Pourquoi avoir choisi le format podcast ?
Aline Laurent-Mayard – Le podcast est un espace historiquement queer et féministe. C’est un milieu et un format que j’apprécie parce qu’il offre une certaine intimité. On peut l’écouter partout : dans le métro, dans son bain, dans la cuisine… C’est sans image ce qui permet de se reconnaître plus facilement dans le récit. Il propose de rendre plus pédagogique et joyeux des sujets compliqués, grâce à la voix, l’humour, l’ambiance.
Quel fut le point de départ de Free from Desire ?
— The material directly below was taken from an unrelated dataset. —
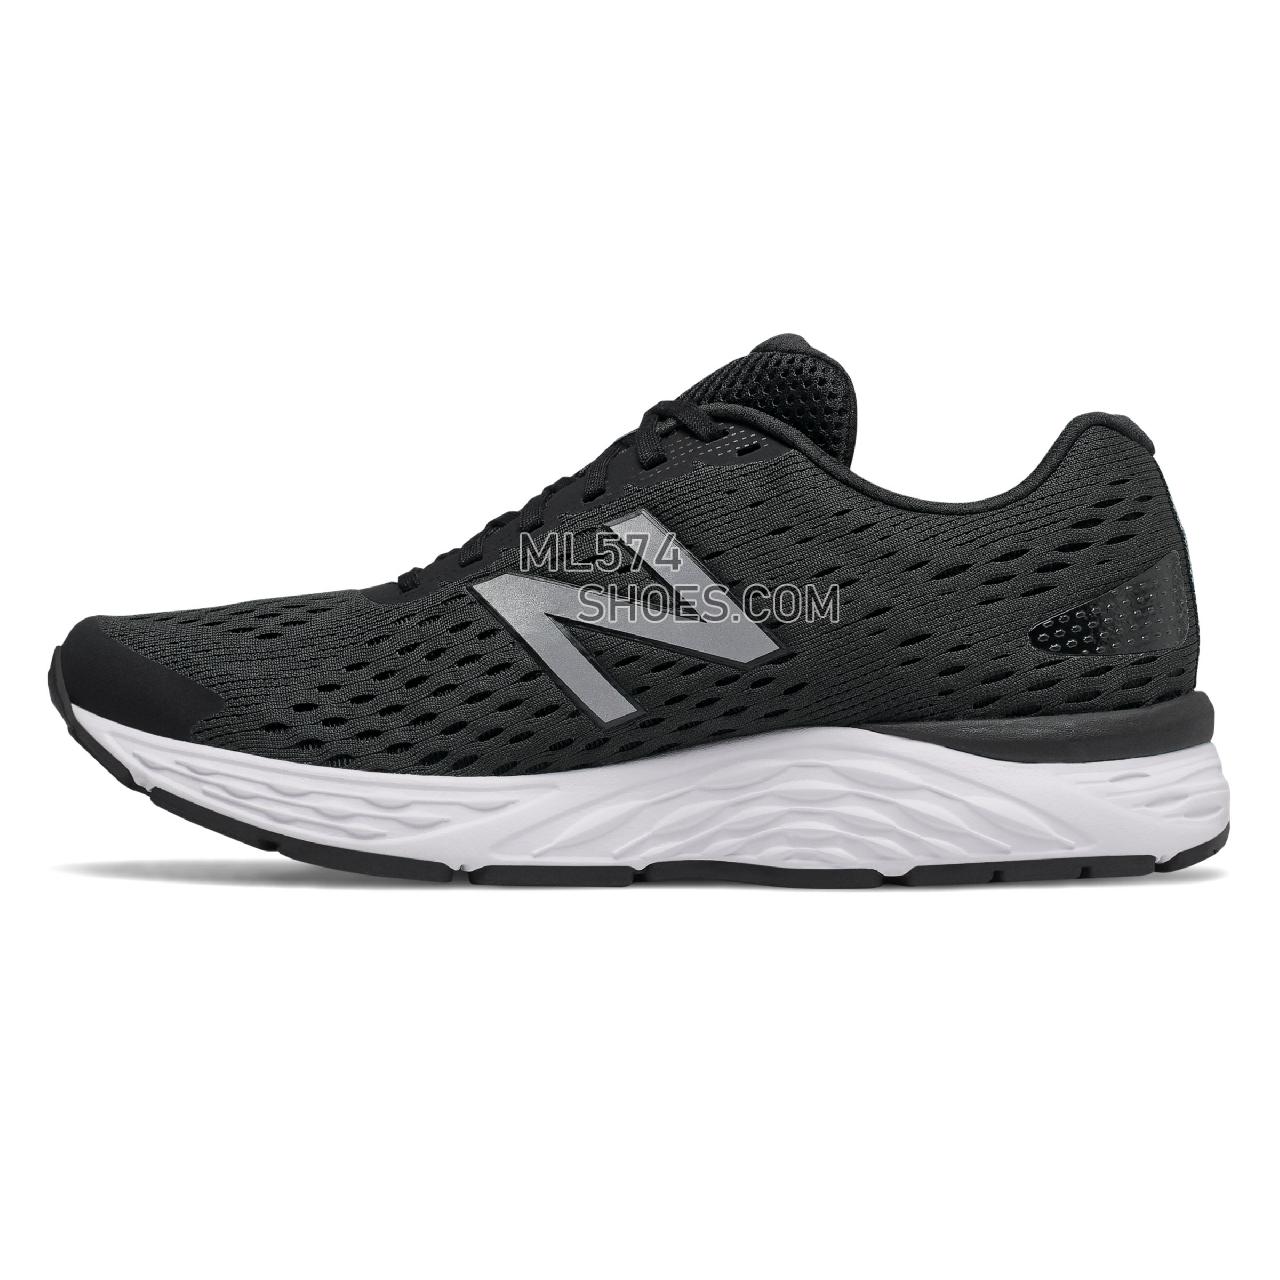 New Balance 680v6 - Men's Classic Sneakers - Black with Silver Metallic and White - M680LK6

Je suis partie de ma propre expérience, j’ai mis longtemps à découvrir l’asexualité faute d’articles existants. Les rares disponibles étaient généralement incomplets ou incorrects, voire totalement à côté de la plaque, bourrés de clichés type “si tu n’as pas de désir sexuel, tu n’as pas de désir de vie tout court” ; relayant l’idée que les personnes asexuelles n’ont pas de vie sexuelle ; ou encore qui confondent asexuel·le et asexué·e. J’ai mis longtemps à réunir les infos nécessaires. Être asexuel·le ne veut pas dire qu’on ne peut pas être heureux·se, amoureux·se ! Je voulais donner des infos sur l’attraction sexuelle et le romantique, sur pourquoi on confond les deux, et participer à défaire l’injonction du couple hétéro qui baise trois fois par semaine. J’ai voulu traiter plus largement de ce que l’on appelle la “contrainte à la sexualité”.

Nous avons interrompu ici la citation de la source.